Не является исключением и литература греко-римской античности, хотя здесь наши поиски во многом ограничены недостаточной изученностью вопроса, отчасти вызванной инерцией традиционных представлений об исключительности греческой цивилизации. Тем не менее можно определенно утверждать, что во всяком случае формирование греческой культуры и литературы проходило в тесной связи с цивилизациями Древнего Востока. По мере того как умножаются наши сведения о догомеровской, эгейской эпохе истории Греции, обнаруживаются все новые и новые черты ее сходства с древними культурами хеттов, семитов, египтян; и, вероятно, знакомством, контактами, а может быть, в какой-то мере генетической причастностью к этим культурам объясняются и поразительные совпадения в греческой и хеттской мифологиях, и параллельные мотивы в эпосе о Гильгамеше и поэмах Гомера, и известное родство греческих, индийских, вавилонских и египетских басен.

Подобные примеры межлитературных связей и контактов вряд ли можно оспаривать, однако, как уже отмечалось выше, они кажутся фрагментарными, а ввиду бедности прямых исторических свидетельств их, как правило, трудно конкретизировать. И только к концу древнего периода развития литератур мы вступаем на твердую историческую почву.

Завоевания Александра Македонского по праву считаются одной из важнейших вех мировой истории. Хотя основанная им империя вскоре после его смерти (323 г. до н. э.) распалась, принципиальные последствия его завоеваний были более устойчивыми и сказывались в течение нескольких столетий. В Египте и на большей части Азии (от Эгейского моря до Пенджаба) создаются греческие государства, во главе которых стоят преемники Александра, окруженные греко-македонской знатью. Происходит усиленная греческая колонизация Востока; многие старые и вновь основанные восточные города — Александрия, Пергам, Антиохия, Селевкия, Тир, Апамея, Бактра и другие — становятся экономическими и культурными центрами, организованными и управляемыми по образцу греческого полиса. Оживленная торговля тесно связывает самые отдаленные области Европы и Азии, а определенное сходство законодательства, правовых норм, характера образования и быта придает новым государствам известное единообразие. Наконец, греческий язык, сменив в этой роли на Ближнем Востоке арамейский, стал своего рода языком международным (койне) и был принят в качестве не только государственного, но и литературного в Египте и Вавилоне, Сирии и Парфии. Этот процесс экспансии греческой культуры за пределы своей родины и синтеза греческих и восточных элементов, который продолжался приблизительно три последних века до н. э., получивших в истории название эпохи эллинизма, практически охватил почти весь цивилизованный мир того времени. Даже в области, где не было греческих царств, например в Северный Судан и Эфиопию, проникает греческое влияние, и сложившиеся там государства, Мероэ, а позже Аксум, стали важным связующим звеном между народами Тропической Африки и цивилизациями Средиземноморья. Эпоха эллинизма подорвала былую этническую разрозненность, покоившуюся на древних племенных связях, привела к резкому усилению контактов между странами, и впервые в истории мировой литературы (во всяком случае впервые с документальной достоверностью) именно об этом времени мы получаем возможность говорить как о периоде,

517

создавшем условия для интенсивного и плодотворного взаимодействия литератур.

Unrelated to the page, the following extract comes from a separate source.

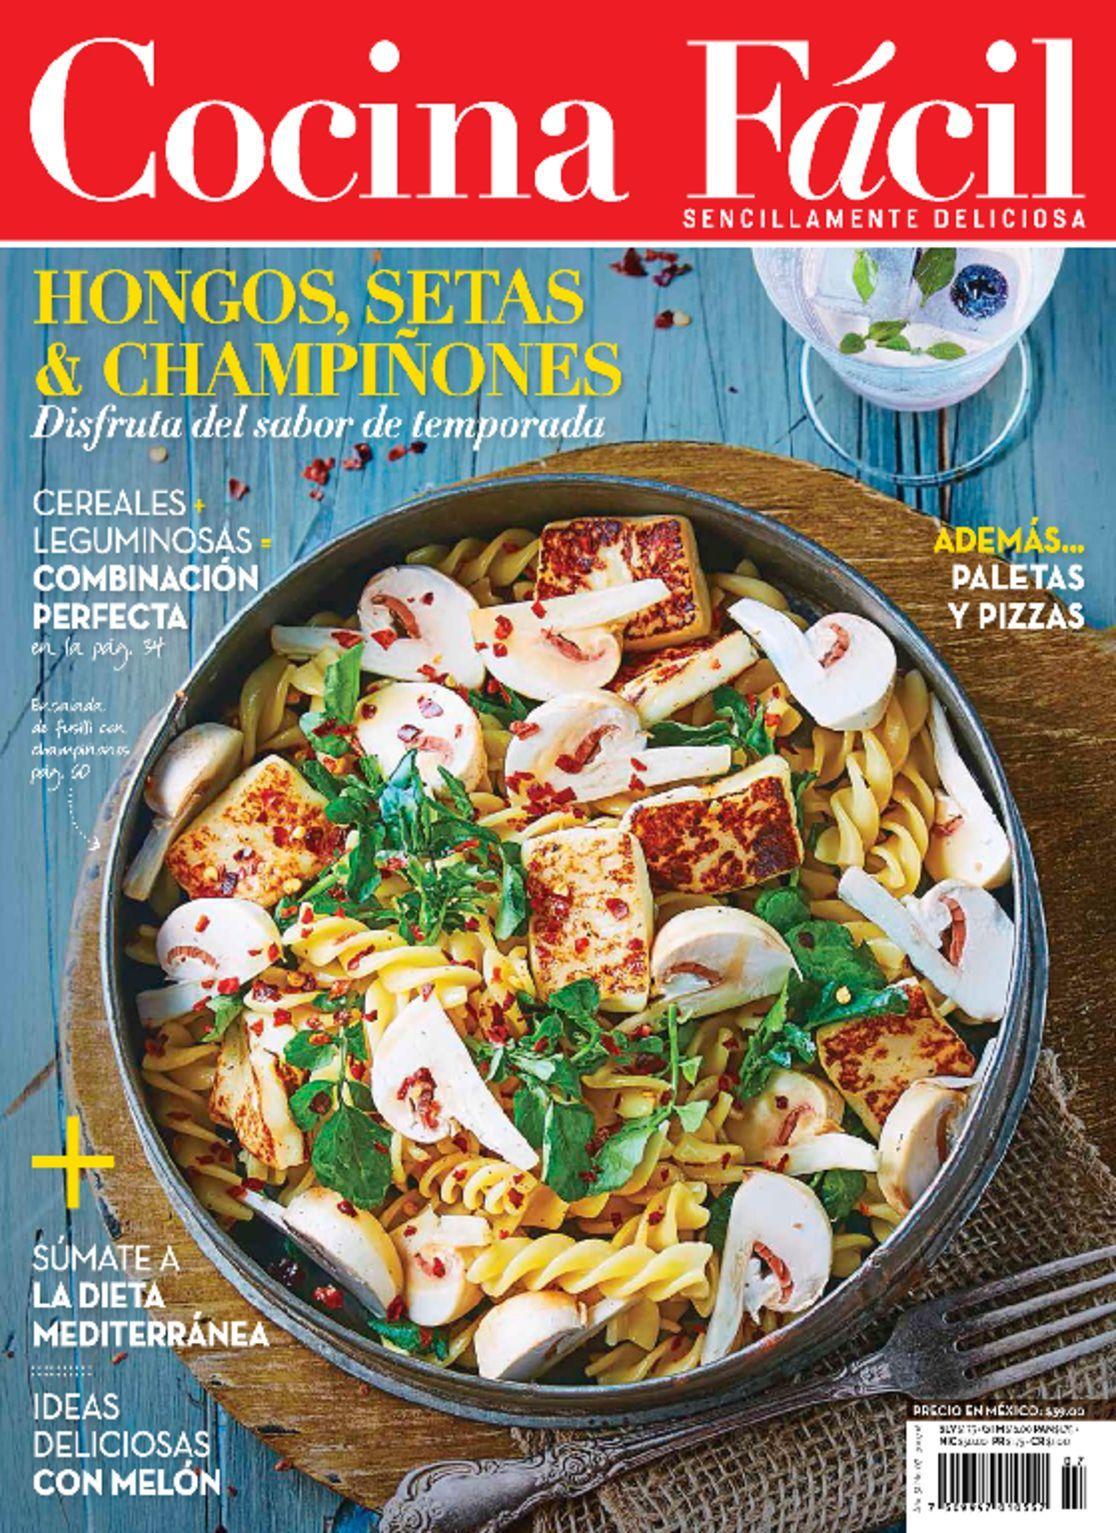 Cocina f cil digital magazine for Cocinar facil
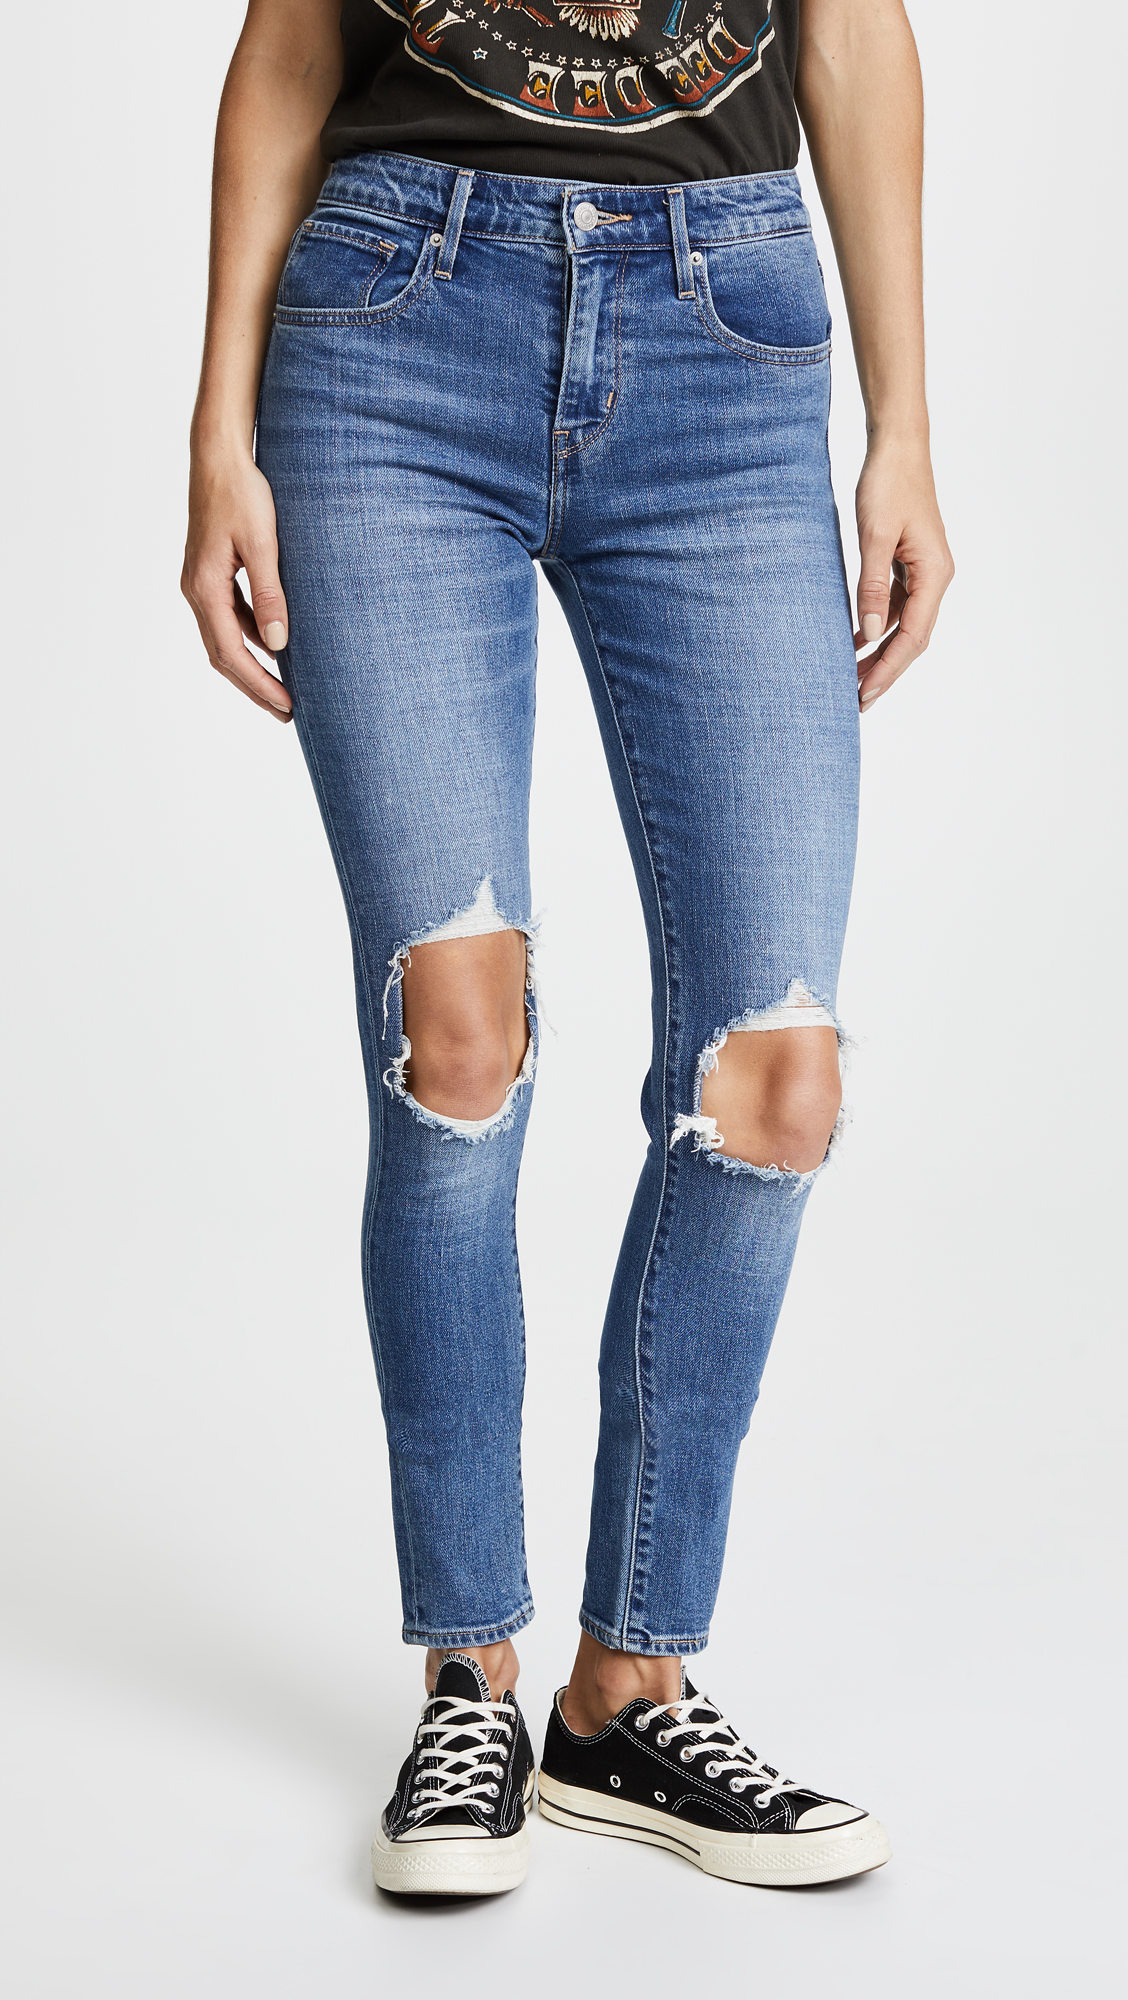 levi's, distressed denim, high rise jeans, skinny jeans

Однако, как это на первый взгляд ни выглядит парадоксальным, несмотря на очевидное и усиливающееся взаимовлияние и даже частичный синкретизм в области религии, философии, науки и искусства, наши сведения о литературных связях этой эпохи довольно скромны. Причина этого, по-видимому, в том, что столкнулись литературы уже вполне сложившиеся, зрелые, и требовалось немалое время, чтобы преодолеть инерцию местных художественных стилей, замкнутость литературной традиции. Среди иных форм культуры эллинизма литература оказалась наименее «открытой», и литературные контакты развивались в ограниченных пределах. Естественно было бы предположить, что основное направление литературных влияний шло в то время, как и экспансия эллинской культуры, с Запада на Восток. Казалось бы, перемещение центров литературной жизни из Афин и материковой Греции в Малую Азию и Ближний Восток и далее подтверждает это предположение. Однако писатели и поэты, стекавшиеся в новые центры и примыкавшие, например, к александрийской, косской или пергамской литературным школам, творили — эллины они были или не эллины — в русле сугубо эллинской традиции, и их произведения принадлежали, как правило, именно ей, объединенные в широкое понятие эллинистической греческой литературы. Что же касается литератур собственно восточных, развивавшихся в первую очередь на базе местных традиций, то фактов, которые свидетельствовали бы о прямом воздействии на них греческих образцов, не так много. В основном они касаются развития историографии.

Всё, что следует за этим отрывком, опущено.